GASTROENTEROLOGIA

ACALASIA


Aparato digestivo

Introducción

La acalasia del esófago es una enfermedad poco común que se caracteriza por un mal funcionamiento del esófago. La evacuación esofágica se encuentra reducida debido a un débil peristaltismo, a una falta de relajación del esfínter esofágico inferior, que en algunos pacientes está permanentemente contraído. En consecuencia, se origina una progresiva dilatación del esofago. Los pacientes acalasia tienen una mayor probabilidad de experimentar cáncer de esófagico.

Diagnóstico y Síntomas

Los dos síntomas más frecuentes en los pacientes con acalasia son disfagia y regurgitación. La disfagia es uno de los primeros síntomas en manifestarse y se debe a la falta de relajación del esfincter esofágico inferior. A medida que el esófago se dilata de forma progresiva y comienza a acumular alimentos en su interior, se produce la regurgitación. La regurgitacion nocturna puede causar neumonía por aspiracion y abscesos pulmonares.

Esta enfermedad evoluciona lentamente de modo que los síntomas de mala evacuación esofágica aparecen después de varios años. En más de la mitad de los pacientes la disfagia produce un pérdida de peso.

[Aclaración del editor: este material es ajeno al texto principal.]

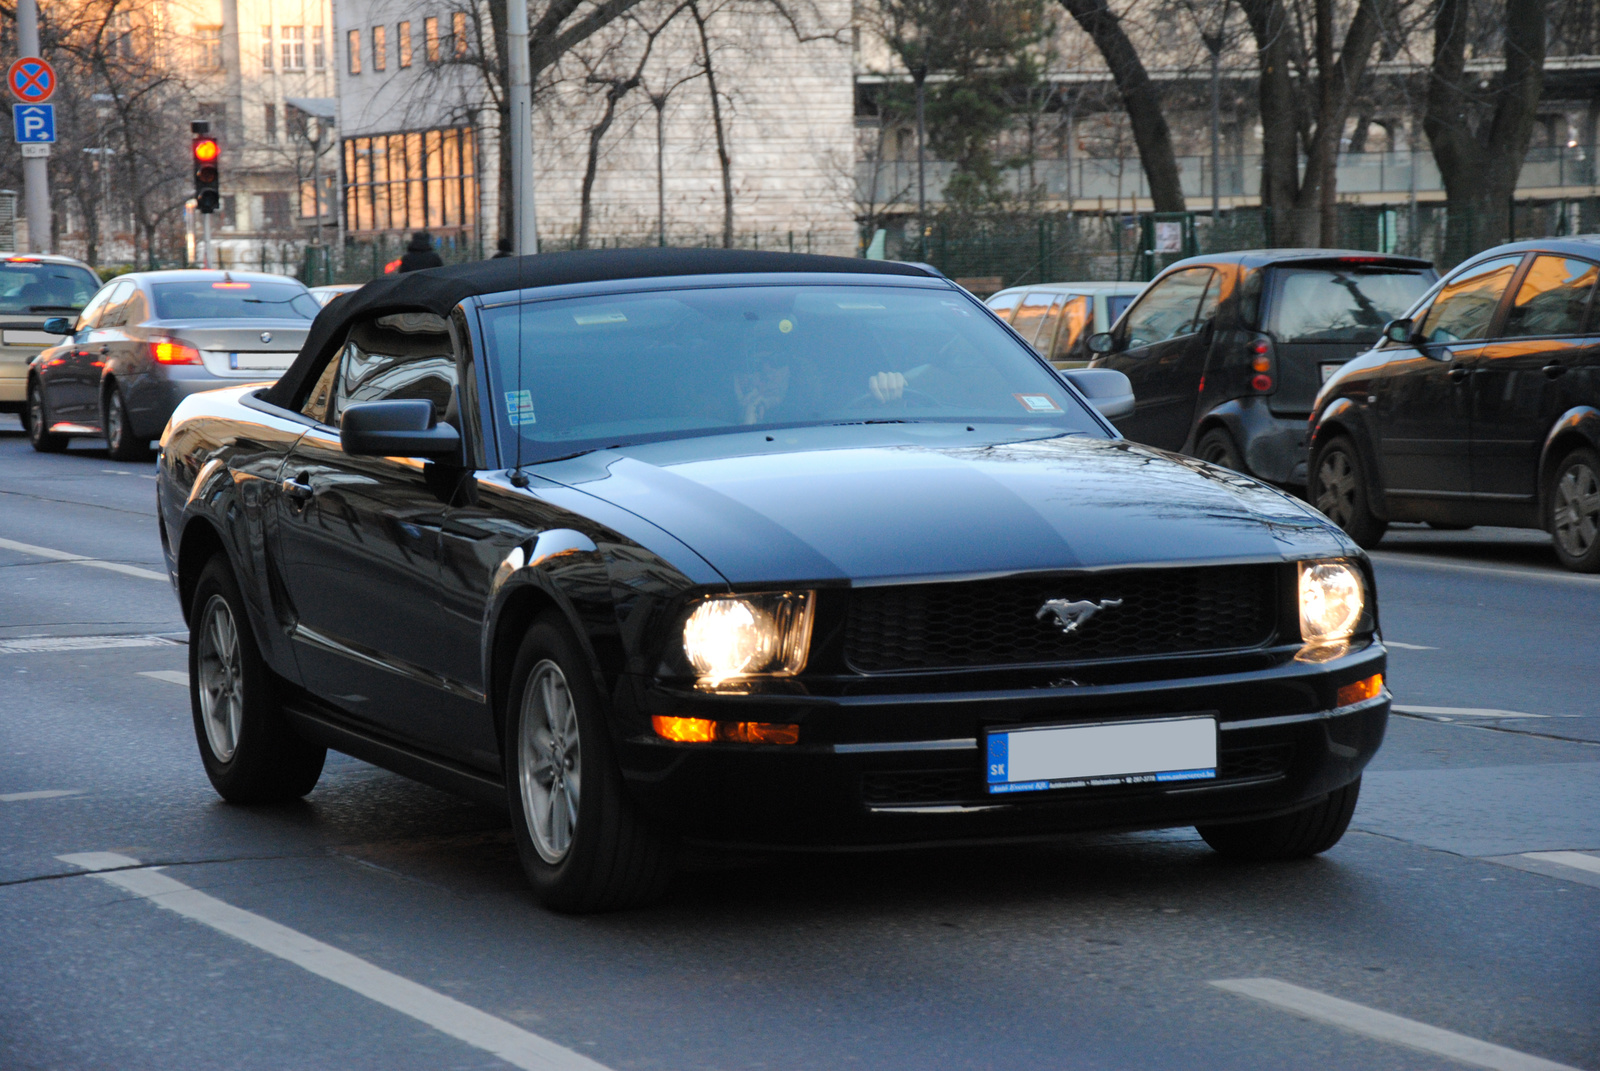 Mustang45

El diagnóstico se realiza mediante pruebas manométricas, endoscópicas y radiológicas. La manometría es el estudio de elección cuando se sospecha la presencia de acalasia. Los hallazgos tipicos incluyen: ausencia de peristalsis esofágica, inadecuada relajación (imposibilidad de relajacion completa) y aumento del tono del esfínter inferior. La endoscopia digestiva se debe realizar en todos los pacientes para descartar la presencia de otras causas comunes de disfagia como el anillo de Schatzki y las estenosis (estrechamientos) benignas o malignas. El hallazgo de un esófago dilatado con un esfínter esofágico estrecho es una de las características de la acalasia. Avanzando cuidadosamente el endoscopio, este puede atravezar facilmente el esfínter hacia el estómago, lo que no ocurre en presencia de una estenosis de origen maligno, en la que la rigidez del tumor impide el avance del endoscopio hacia el estómago.

El estudio radiológico utilizado papilla de bario muestra una dilatación del esófago con una forma de pico de pájaro.

La ecografía endoscópica es útil para demostrar la presencia de una capa muscular propia hipertrófica.

Tratamiento

El tratamiento está dirigido a reducir la resistencia del paso a través del esfinter esofágico, lo que se consigue con medicamentos, dilataciones con balón o con cirugía. La inyección endoscópica de toxina botulínica en la pared del esófago cerca del esfínter alivia los síntomas en el 70% de los pacientes, pero los efectos son pasajeros.

La dilatación con balon del esófago es efectiva en más de 2/3 de los pacientes pero usualmente requiere múltiples sesiones que pueden estar acompañadas de complicaciones (perforación). Además cuando la disfagia se mejora, más de la mitad de los pacientes desarrollan reflujo gastroesofágico.

La miotomía esofágica es el tratamiento de elección en los pacientes sin riesgo quirurgico. El procedimiento se realiza por via abierta (laparotomía o toracotomía) o por via mínimamente invasiva (laparoscópica). Una miotomía de 5 a 6 cm que atraviese la unión gastro-esofágica es efectiva para aliviar la disfagia en 95% de los pacientes. Si el procedimiento se realiza desde el abdomen, una fundoplicatura parcial puede ser agregada para evitar el reflujo. Este procedimiento tiene el beneficio de restaurar la capacidad de tragar sin agragar los problemas del reflujo.

Riesgos

En aquellos pacientes en los que se realiza una miotomía esofágica electiva, la mortalidad es menor a 0.3%. El riesgo de recurrencia de la disfagia en los pacientes que se presentan con hallazgos manométricos clásicos es de aproximadamente 5-10%.

La principal complicación intraoperatoria es la laceración de la mucosa. Esta lesión se detecta fácilmente y se puede reparar con suturas.

Cuando no se puede practicar la cirugía, las complicaciones mayores son la desnutrición progresiva y la neumonía por aspiración.

Resultados

Despues de la miotomía esofágica, el 90% de los pacientes presentan buen resultado a largo plazo, siendo el reflujo el problema más importante si durante la cirugía no se tomó algúna precaución para evitarlo. En la mayoria de los pacientes de bajo riesgo quirúrgico, la miotomía esofágica requiere de 1 a 3 días de hospital.

Después de un miotomía sin complicaciones los pacientes pueden comenzar a tomar líquidos la misma noche de la cirugía. La dieta sólida es generalmente tolerada a los 1 o 2 dias. Se aconseja una dieta semisólida durante 4 a 5 semanas.